Conti, who gives her age as 145 in Monkey years (“but he’s immortal so who’s counting”), is the daughter of the actors Kara Wilson and Tom Conti, who was last seen portraying Albert Einstein in “Oppenheimer.” She has extensive training and experience as an actress (including a stint with the Royal Shakespeare Company near the start of her career), and American audiences may remember her from the Christopher Guest series “Family Tree.” (Her co-star Michael McKean is presenting “The Dating Show” in New York.)

In addition to those skills and her wizardry as a ventriloquist, Conti really highlights her brilliance as an improviser in “The Dating Show”: Each performance is largely ad libbed on the spot as Conti interacts with the people she brings onstage and fits with masks. She picks up on their body language and spins whole conversations out of thin air.

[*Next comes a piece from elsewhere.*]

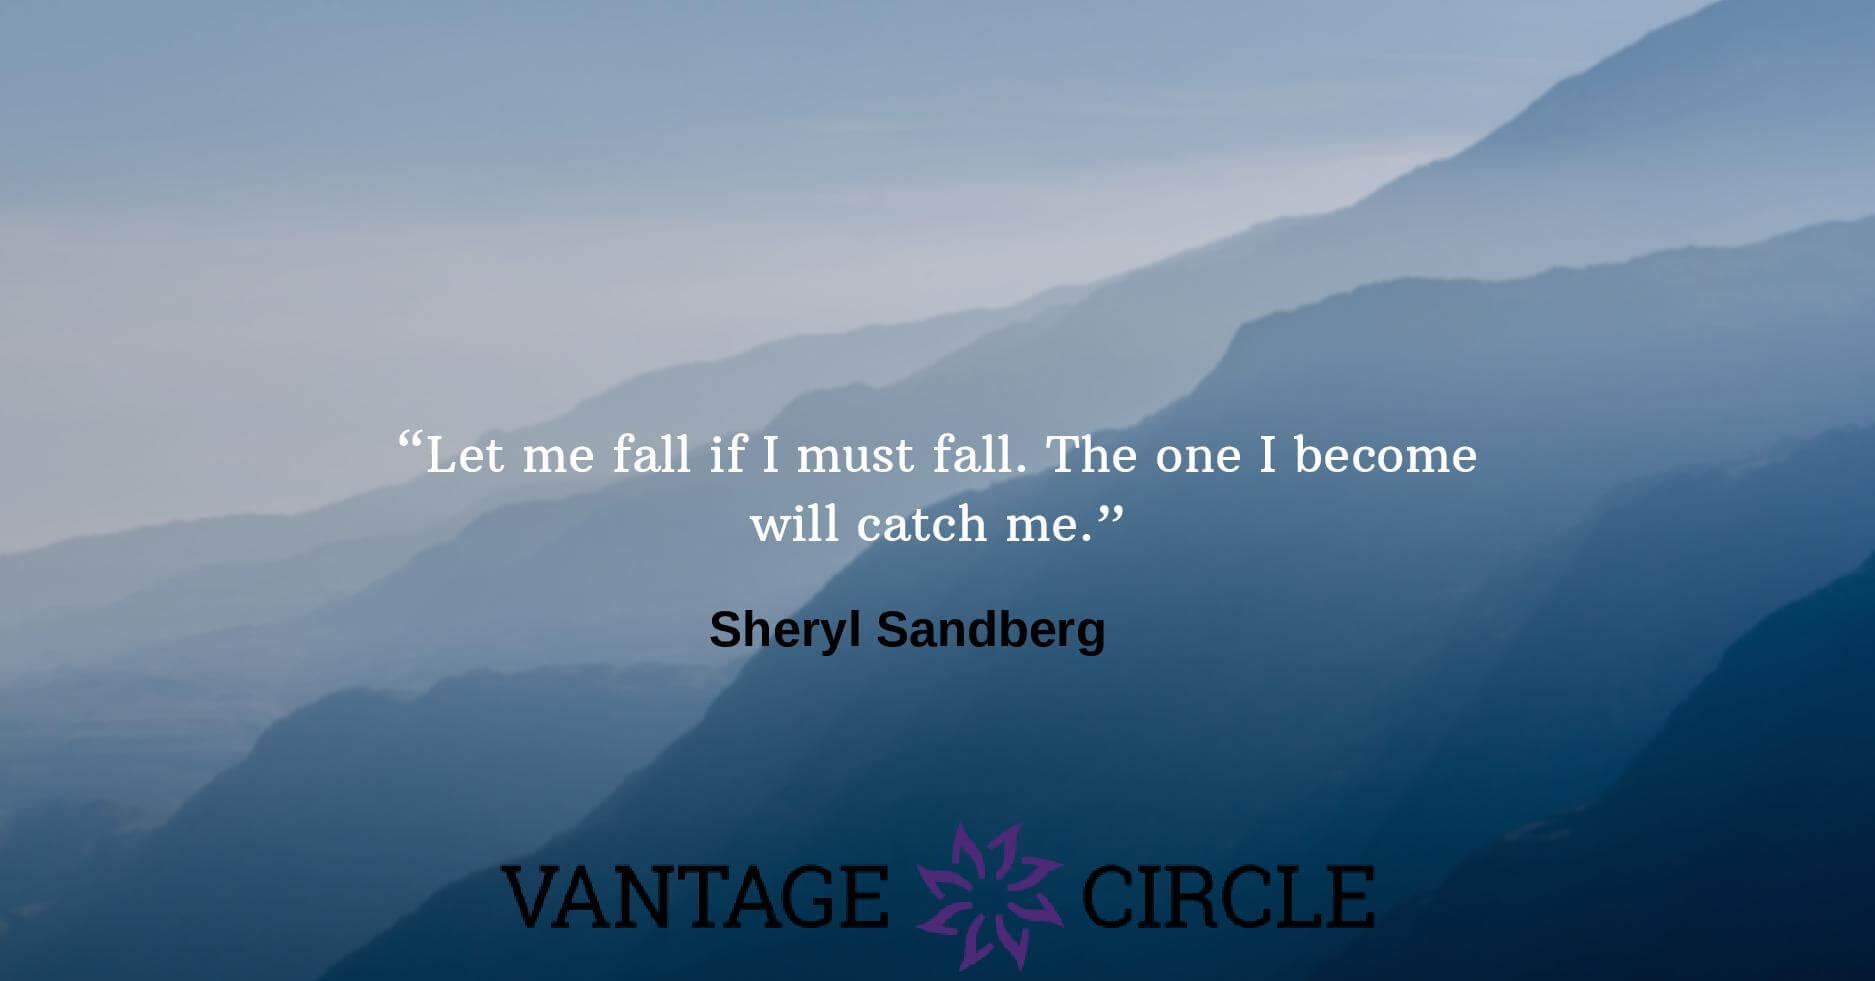 Employee-motivational-quotes-Sheryl-Sandberg

Those can quickly go off the rails, and that’s even before Monkey engages in speed-dating rounds. (The shows are so different from one another that Conti has posted an entire one, shot in Edinburgh, on YouTube.)

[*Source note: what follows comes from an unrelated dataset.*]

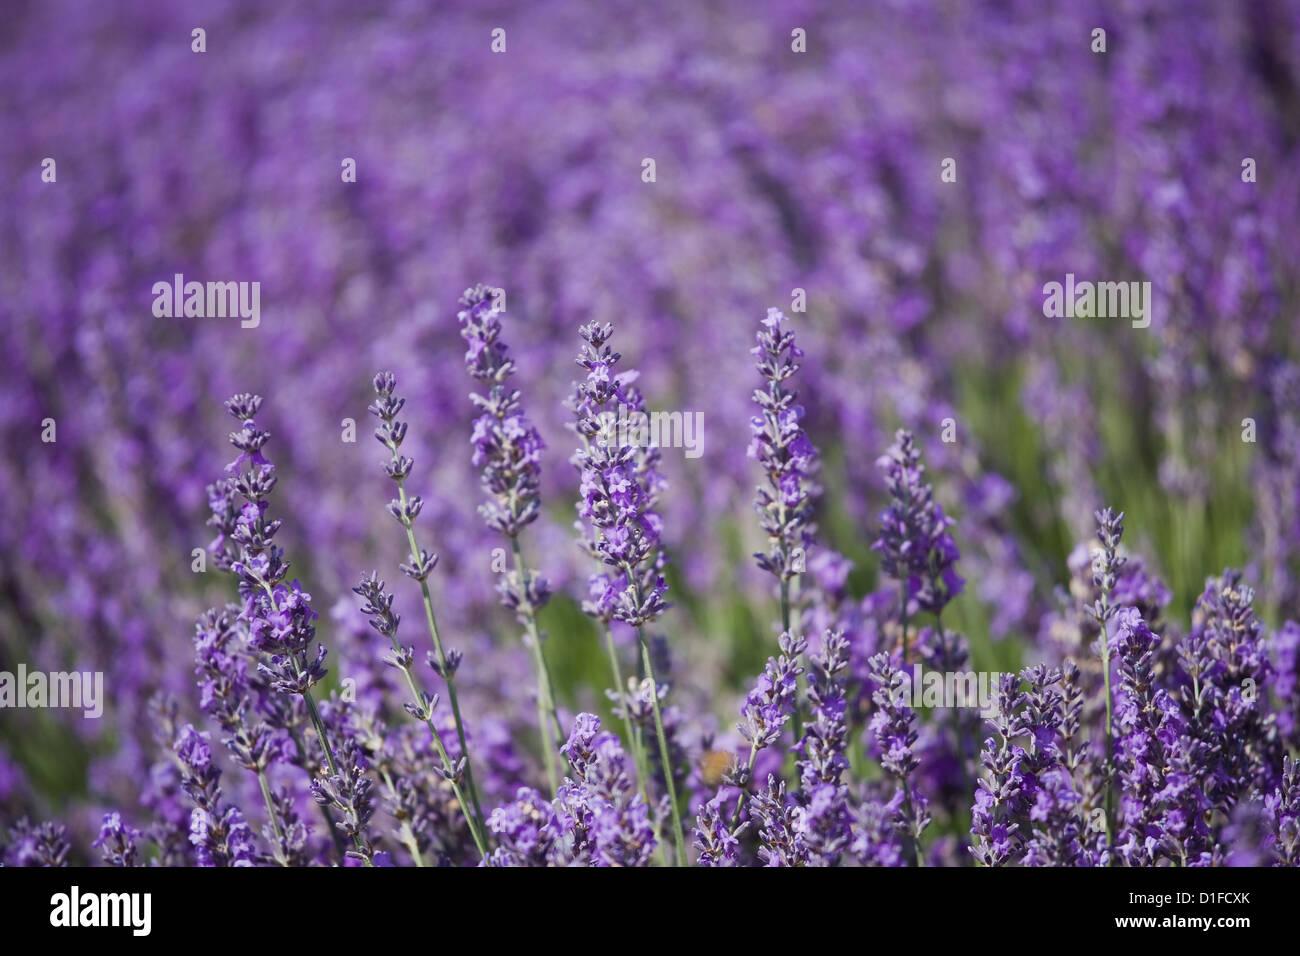 Lavender field, Lordington Lavender Farm, Lordington, West Sussex, England, United Kingdom, Europe - Stock Image

I happened to be at a performance of “The Dating Show” at SoHo Playhouse last year when the actor Richard Kind ended up onstage. He had never heard of Conti, but had tagged along with some friends. “I was flabbergasted,” he said in a recent phone interview. “I just thought she was phenomenal. So then I went the next night because I realized you sort of want to see it closer.”

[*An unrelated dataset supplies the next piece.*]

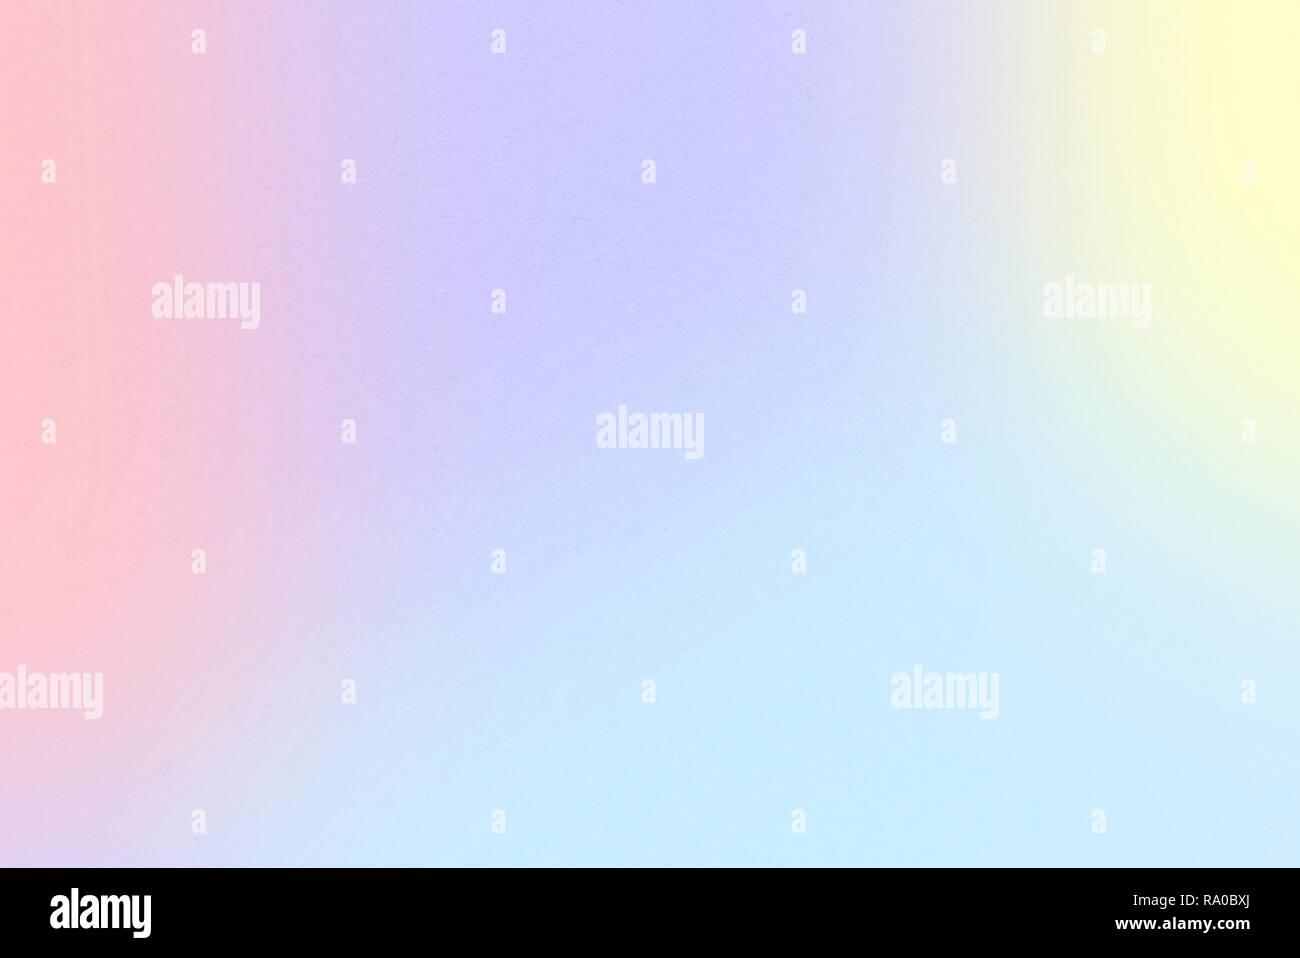 Rainbow Pastel gradient wallpaper background with Pastel Yellow, Maximum Blue Purple, Pale Cyan, Tulip, Melon, Magic Mint colors, and watercolor paper

Kind — who noted that “the most maligned entertainers are mimes and ventriloquists” — was particularly impressed by the emotional shades she works into the show. “There are times when it’s filthy, when it’s loving, when it’s sweet,” he said. “She takes you through all sorts of permutations of a relationship.”

And she does it at dizzying speed, relying on a combination of technique, instinct and unerring comic timing.

“With that energy, whatever they give off, I am not even able to stop and much think what the next thing is to say,” Conti said. “I’m so busy spinning the plates, doing the ventriloquism, doing the voices and all of that, I think that maybe through lack of thought the truth emerges more quickly, because there’s no design, there’s no time for it.”

“I’m wary of being pretentious here,” she continued, “but I think the truth speaks often through masks because it turns out the mask is actually a more honest thing than somebody’s own face, which is busy telling lies all the time. You take out the lower half of the face and you’re left with just the eyes. And you go, ‘Oh my God, there you are.’”

If you’re familiar with any ventriloquist at all, chances are it is the wildly popular, decidedly not P.C. Las Vegas regular Jeff Dunham. Compared to him, Conti will make your head spin. She is fascinated by the meta aspects of her art form — one of her best routines imagines Monkey taking possession of her body — and with the way it allows her to explore psychological morass. The virtuosic, hilarious ending of “The Dating Show” lifts the veil on some of Conti’s anxieties.

She took her interest in the way we relate to ourselves and with one another even further in her feature debut as a director, “Sunlight,” whose filming recently wrapped. In it she plays a woman who wears a life-size monkey suit and goes on a road trip with a fellow misfit played by the comedian Shenoah Allen (who wrote the screenplay with Conti, and who co-hosts the podcast “Richard and Greta” with her).

Conti enlisted the creature-effects specialist Vanessa Bastyan, who has worked on “Star Wars” projects, to build a full-size monkey suit. She did stand-up in it, then decided to use it in a movie.

“It’s where a woman prefers to live in a monkey suit than be herself,” Conti said of the film’s premise. “It’s like a kind of ‘Beauty and the Beast’ in reverse: The last thing she wants is to ever come out, because she can’t live up to it. That’s so deeply me, this, because I’ve spent my whole life entertaining with this thing, and taking the back seat.”

In a way the film is the apex to one of Conti’s most meaningful, and perhaps most overwhelming, relationships. “You think, ‘This is so much stronger than me — how can I ever put it away? I’ll have to go in, I’ll have to lose me and evolve into him completely,’” she said. “It’s the ultimate end of this conversation with Monkey.”